# Airy zeta function

In mathematics, the Airy zeta function, studied by (Crandall 1996), is a function analogous to the Riemann zeta function and related to the zeros of the Airy function.

## Definition

The Airy functions Ai and Bi

The Airy function

$\displaystyle{ \mathrm{Ai}(x) = \frac{1}{\pi} \int_0^\infty \cos\left(\tfrac13t^3 + xt\right)\, dt, }$

is positive for positive x, but oscillates for negative values of x. The Airy zeros are the values $\displaystyle{ \{a_i\}_{i=1}^\infty }$ at which $\displaystyle{ \text{Ai}(a_i) = 0 }$, ordered by increasing magnitude: $\displaystyle{ |a_1|\lt |a_2|\lt \cdots }$ .

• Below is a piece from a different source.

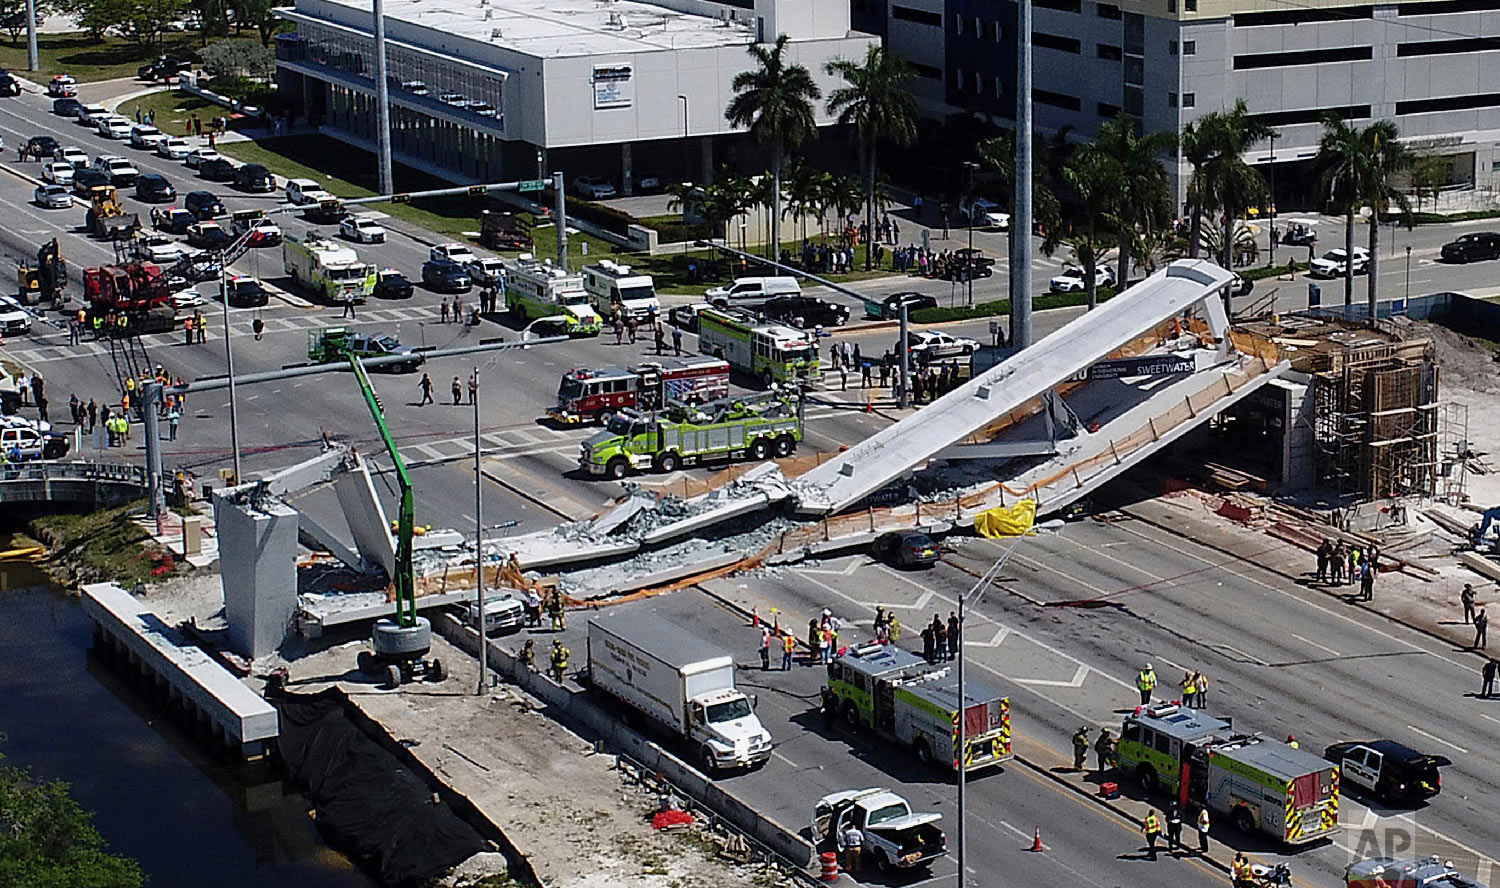  Emergency personnel respond after a brand-new pedestrian bridge collapsed onto a highway at Florida International University in Miami, crushing cars and killing several people, on March 15, 2018. (Pedro Portal/Miami Herald via AP)

The Airy zeta function is the function defined from this sequence of zeros by the series

$\displaystyle{ \zeta_{\mathrm{Ai}}(s)=\sum_{i=1}^{\infty} \frac{1}{|a_i|^s}. }$

This series converges when the real part of s is greater than 3/2, and may be extended by analytic continuation to other values of s.

## Evaluation at integers

Like the Riemann zeta function, whose value $\displaystyle{ \zeta(2)=\pi^2/6 }$ is the solution to the Basel problem, the Airy zeta function may be exactly evaluated at s = 2:

$\displaystyle{ \zeta_{\mathrm{Ai}}(2)=\sum_{i=1}^{\infty} \frac{1}{a_i^2}=\frac{3^{5/3}\Gamma^4(\frac23)}{4\pi^2}, }$

where $\displaystyle{ \Gamma }$ is the gamma function, a continuous variant of the factorial. Similar evaluations are also possible for larger integer values of s.

It is conjectured that the analytic continuation of the Airy zeta function evaluates at 1 to

$\displaystyle{ \zeta_{\mathrm{Ai}}(1)=-\frac{\Gamma(\frac23)}{\Gamma(\frac43)\sqrt[3]{9}}. }$